Published online May 7, 2015. doi: 10.3748/wjg.v21.i17.5303
Peer-review started: October 28, 2014
First decision: November 14, 2014
Revised: December 5, 2014
Accepted: February 11, 2015
Article in press: February 11, 2015
Published online: May 7, 2015
AIM: To investigate the prognostic value of preoperative platelet count (PLT) in patients with primary gallbladder cancer (GBC).
METHODS: The clinical data of 223 GBC patients after surgery was retrospectively reviewed. A receiver operating characteristic (ROC) curve was plotted to verify the optimum cutoff point for PLT. Univariate and multivariate survival analyses were performed to identify the factors associated with the prognosis.
RESULTS: The ROC curve showed that the optimum cutoff point for PLT was 178 × 109/L, and the entire cohort was stratified into group A with PLT > 178 × 109/L and group B with PLT ≤ 178 × 109/L. Group A had a better survival than group B (P < 0.001). There was an obvious difference between the two groups in terms of the differentiation degree, advanced tumor stage, lymph node metastasis (P < 0.001) and pathological type (P < 0.05). The univariate analysis demonstrated that tumor location, differentiation degree, TNM stage, Nevin stage, lymph node metastasis and PLT were associated with overall survival (P < 0.001). In the multivariate analysis, PLT (P = 0.032), lymph node metastasis (P = 0.007), tumor location (P < 0.001) and TNM stage (P = 0.005) were independent prognostic factors.
CONCLUSION: PLT is closely correlated with GBC prognosis and could be used to identify the population with a poorer prognosis after surgery.
Core tip: Platelet count (PLT) is implicated with a poor prognosis in many types of malignancies. Its prognostic value has not been reported in gallbladder carcinoma (GBC). The most important finding in this study was that PLT was correlated with GBC prognosis, and was an independent prognostic factor after surgery.
- Citation: Wang RT, Zhang LQ, Mu YP, Li JB, Xu XS, Pang Q, Sun LK, Zhang X, Dong SB, Wang L, Liu C. Prognostic significance of preoperative platelet count in patients with gallbladder cancer. World J Gastroenterol 2015; 21(17): 5303-5310
- URL: https://www.wjgnet.com/1007-9327/full/v21/i17/5303.htm
- DOI: https://dx.doi.org/10.3748/wjg.v21.i17.5303
Primary gallbladder carcinoma (GBC) is the most common malignancy of the biliary tract[1] and the seventh most common gastrointestinal cancer[2]. The Surveillance, Epidemiology, and End Results program estimated the incidence of GBC at 2.5 per 100000 persons[3]. GBC has a poor prognosis because of early metastasis via the lymphatic, perineural, and hematogenous routes, as well as by direct invasion into the liver[3,4]. GBC is asymptomatic until aggressive disease progresses to an advanced and noncurative stage. The overall survival (OS) for GBC is 6 mo, with a 5-year survival rate of 5%[5,6]. Although the TNM staging system is widely used in clinical practice, there is no global consensus on the preoperative markers to predict the prognosis of GBC patients[3].
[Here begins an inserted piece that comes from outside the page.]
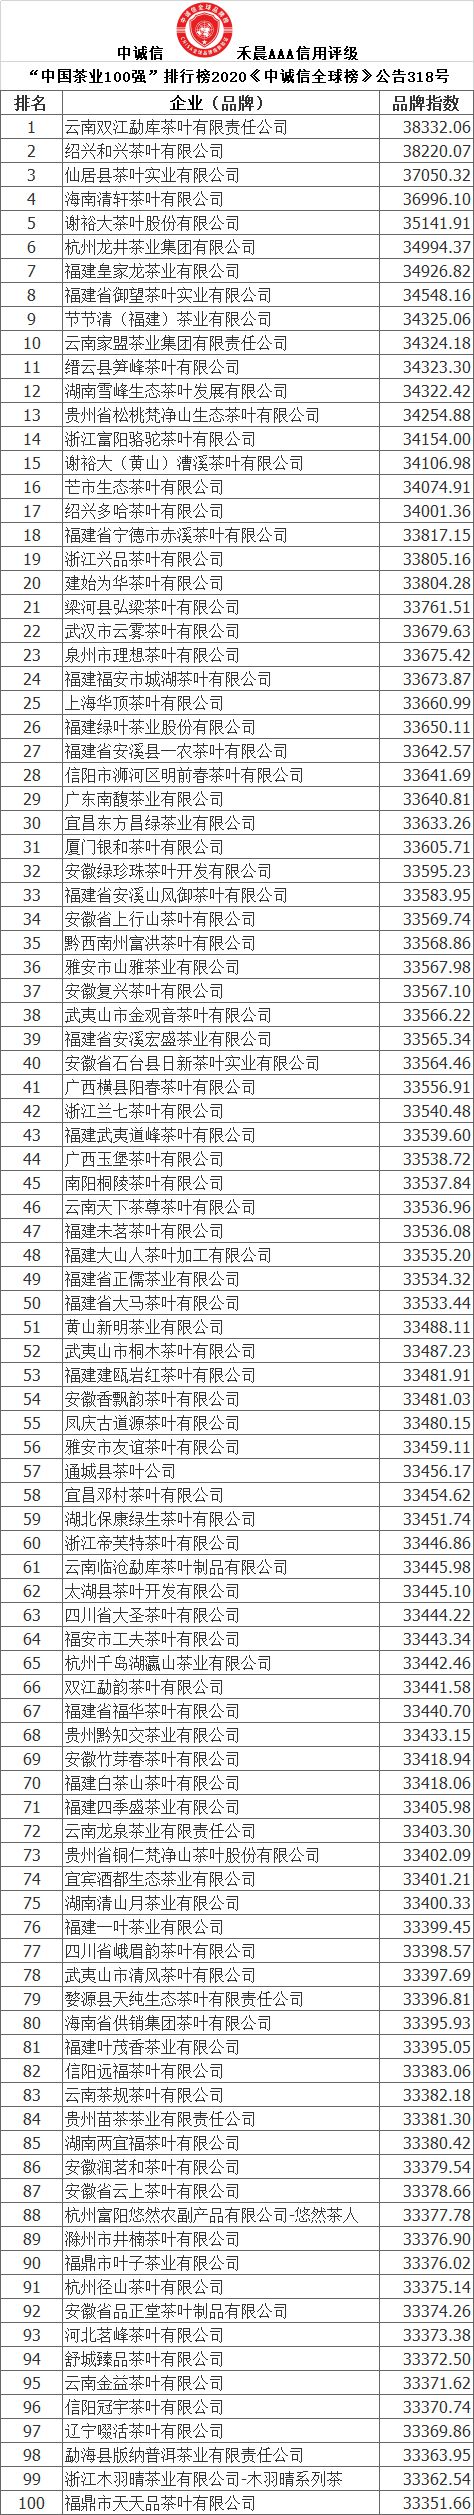 中诚信全球榜-发布“中国茶业100强”排行榜20必博体育20龙井茶业上榜(图2)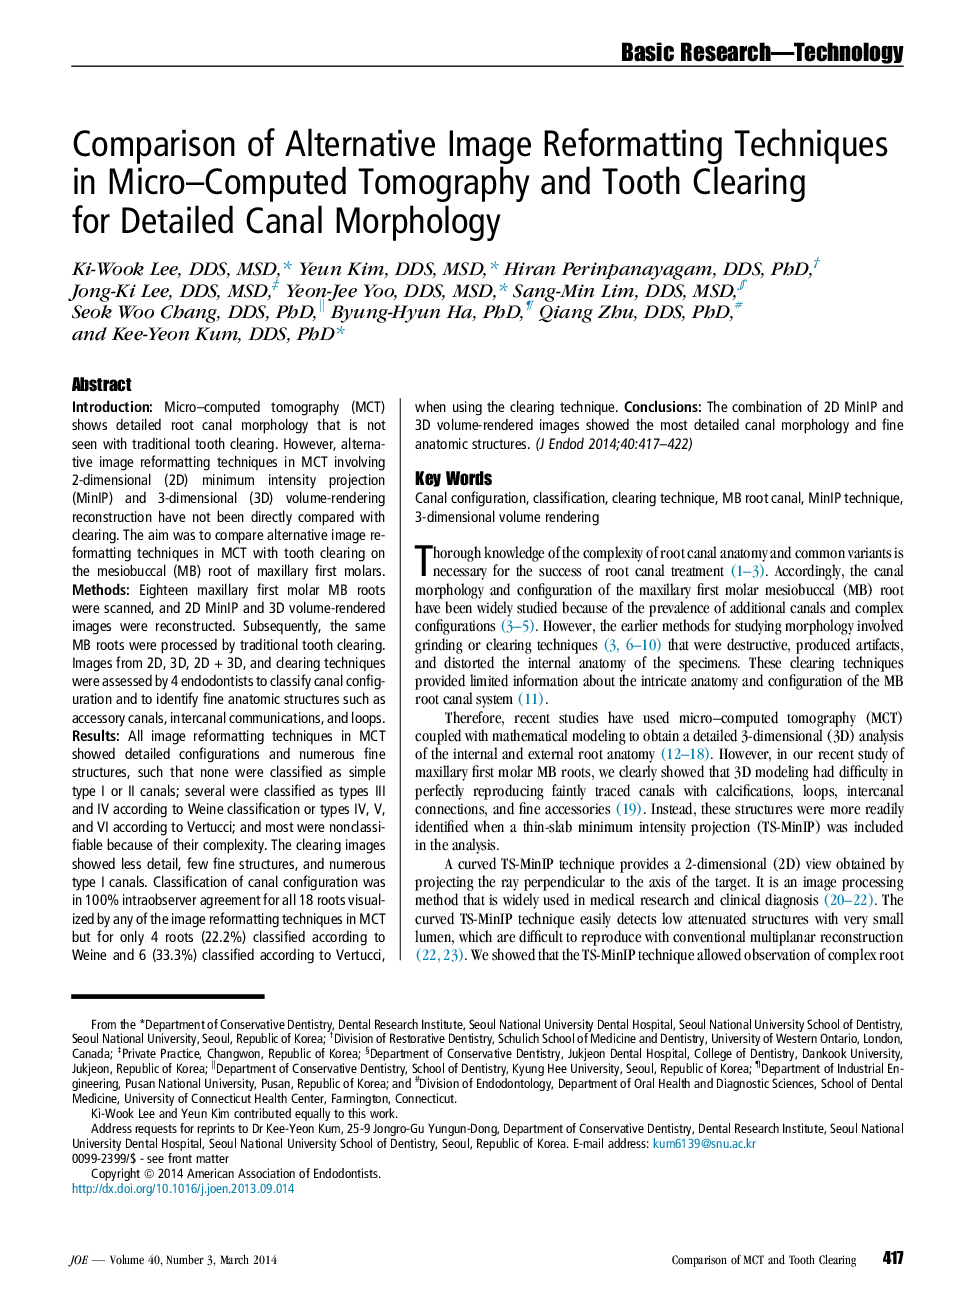 مقایسه تکنیک های پردازش تصویر جایگزین در توموگرافی کامپیوتری میکرو و پاکسازی دندان برای مورفولوژی کانال های دقیق

Numerous studies have revealed that elevated platelet count (PLT) is typically related to poor cancer prognosis[7-11]. Hernandez et al[12] showed that thrombocytosis is an independent indicator of poor prognosis in cervical cancer. Recently, Stone et al[13] confirmed that thrombocytosis was significantly associated with advanced disease and shortened survival in ovarian cancer. Numerous clinical data have shown that increasing PLT is associated with poor survival in patients with tumors including pancreatic adenocarcinomas[9], esophageal squamous cell carcinomas[7], and gastrointestinal cancers[14] as well as colorectal cancer[15]. Whether PLT plays important roles in the prognosis of GBC has not been reported.
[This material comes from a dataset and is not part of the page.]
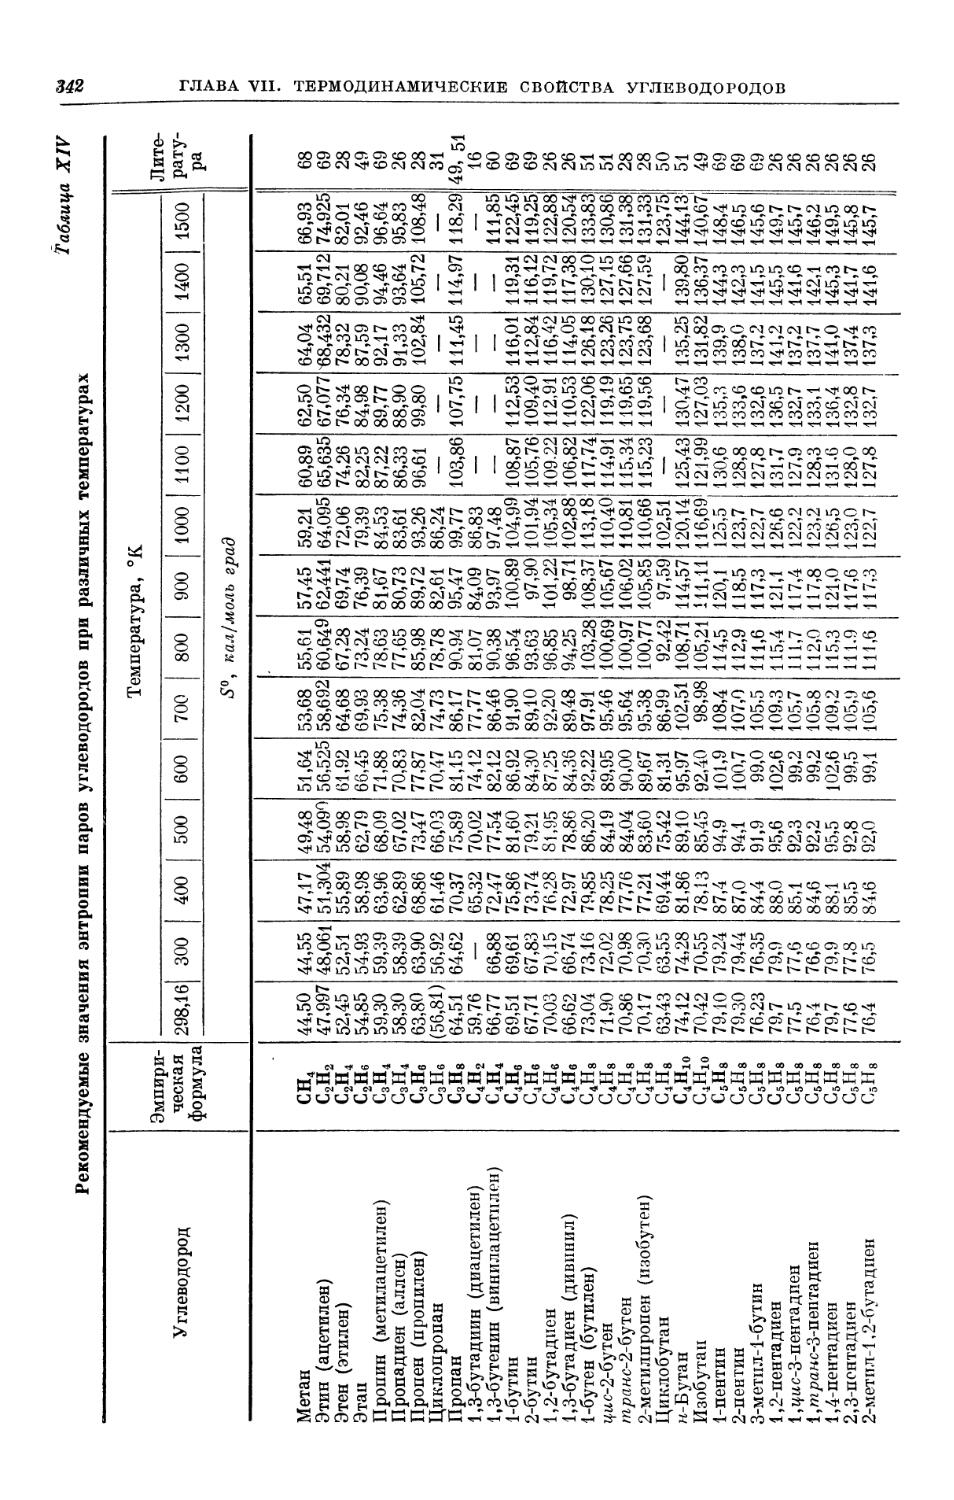 Таблица XIV. Энтропии паров углеводородов при различных температурах

GBC is a relatively rare disease with high mortality. Improving the survival rate after surgery is an enormous challenge. Based on the advances in PLT research and tumor prognosis, we hypothesized that PLT is a possible prognostic factor for GBC patients and aimed to find a novel prognostic marker for this malignancy.
From January 2006 to December 2012, a retrospective analysis was conducted on 223 GBC patients after surgery in the Department of Hepatobiliary Surgery at the First Affiliated Hospital of the Xi’an Jiaotong University College of Medicine. The patients included in the analysis fit the following criteria: (1) GBC diagnosis confirmed by histopathology; and (2) gallbladder resection was neither preceded nor followed by adjuvant chemotherapy and/or radiotherapy. The patients with the following characteristics were excluded: (1) coexisting or previous cancers other than GBC; (2) concomitant diseases suspected of increasing the serum platelet concentration, including severe hypertension, splenic disease and blood coagulation disorders; and (3) the use of aspirin or other acetylsalicylic acid drugs one month before the surgery. Based on the medical records, the following data were collected for each patient: age, gender, PLT, complications, tumor location, gallstone history, tumor differentiation, TNM stage, Nevin stage, lymph node metastasis, pathological type and other miscellaneous characteristics. All subjects provided their written informed consent, and the study was approved by the Ethical Committees of the First Affiliated Hospital of the Xi’an Jiaotong University College of Medicine.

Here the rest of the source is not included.